6.1.1 Consistency of TOE Type
If this PP-Module is used to extend the MDF PP, the TOE type for the overall TOE is still a mobile device.
However, one of the functions of the device must be the ability for it to have Bluetooth capability. The TOE
boundary is simply extended to include that functionality.
6.1.2 Consistency of Security Problem Definition
The threats that apply to this PP-Module are inherited from the Base-PP to which the TOE also conforms. This
PP-Module does not add or remove any elements to the security problem definition given in the MDF PP.
PP-Module Threat, Assumption, OSP Consistency Rationale
T.NETWORK_EAVESDROP This threat comes directly from both base PPs.
T.NETWORK_ATTACK This threat comes directly from both base PPs.
6.1.3 Consistency of Objectives
The objectives that apply to this PP-Module are inherited from the Base-PP to which the TOE also conforms.
This PP-Module does not add or remove any elements to the objectives given in the MDF PP. The objectives
for the TOEs are consistent with the MDF PP based on the following rationale:
PP-Module TOE Objective Consistency Rationale
O.PROTECTED_COMMS This objective comes directly from the PP.
6.1.4 Consistency of Requirements
This PP-Module identifies several SFRs from the MDF PP that are needed to support Bluetooth functionality.
This is considered to be consistent because the functionality provided by the MDF PP is being used for its
intended purpose. The PP-Module also identifies a number of modified SFRs from the MDF PP as well as new
SFRs that are used entirely to provide functionality for Bluetooth.

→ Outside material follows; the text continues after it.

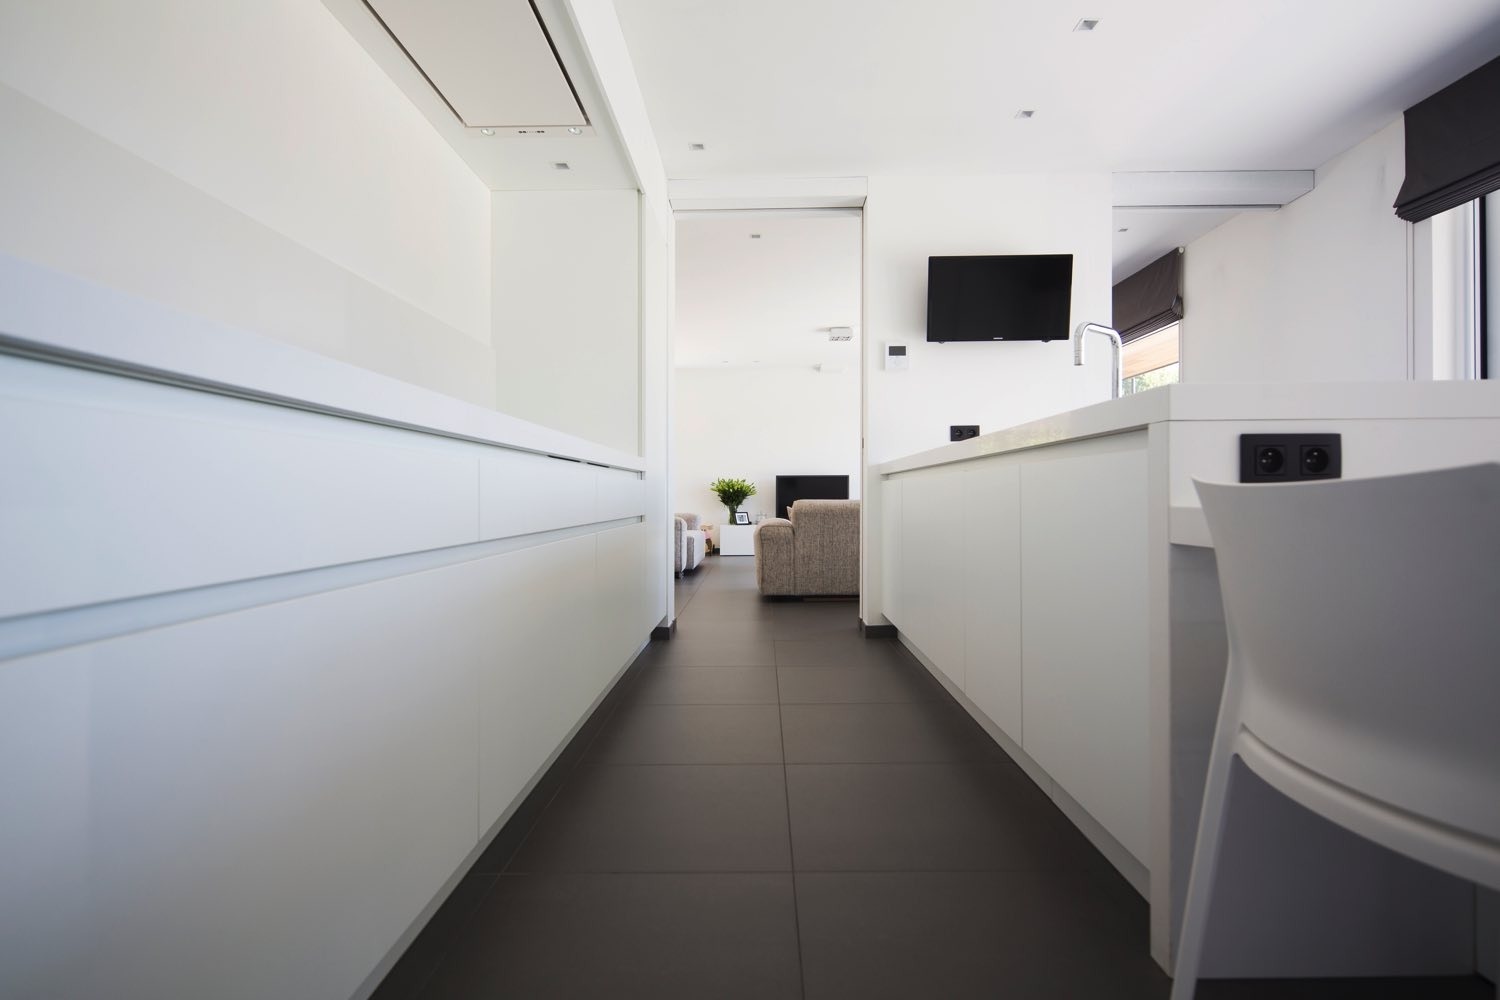 Modern interieur met witte keukenkasten

The rationale for why this does not conflict
with the claims defined by the MDF PP are as follows:
PP-Module
Requirement
Consistency Rationale
Modified SFRs
FMT_SMF_EXT.1 This SFR is unchanged from its definition in the Base-PP; the only change required
by this PP-Module is how to interpret it in the context of Bluetooth capabilities.
Additional SFRs
FMT_SMF_EXT.1/BT The ST author is instructed to complete an assignment in the SFR with information
related to Bluetooth, and to include additional management functions in this SFR
based on the Bluetooth capability defined by the PP-Module.
Mandatory SFRs
FAU_GEN.1/BT The PP-Module defines auditable events for Bluetooth that extends the audit
functionality defined in each Base-PP.
FCS_CKM_EXT.8 This SFR applies to the frequency of key generation activity. This does not conflict
with the Base-PP because it involves a key generation mechanism defined in the
Base-PP and relates exclusively to Bluetooth functionality so it does not affect any
other key generation activities required by the Base-PP.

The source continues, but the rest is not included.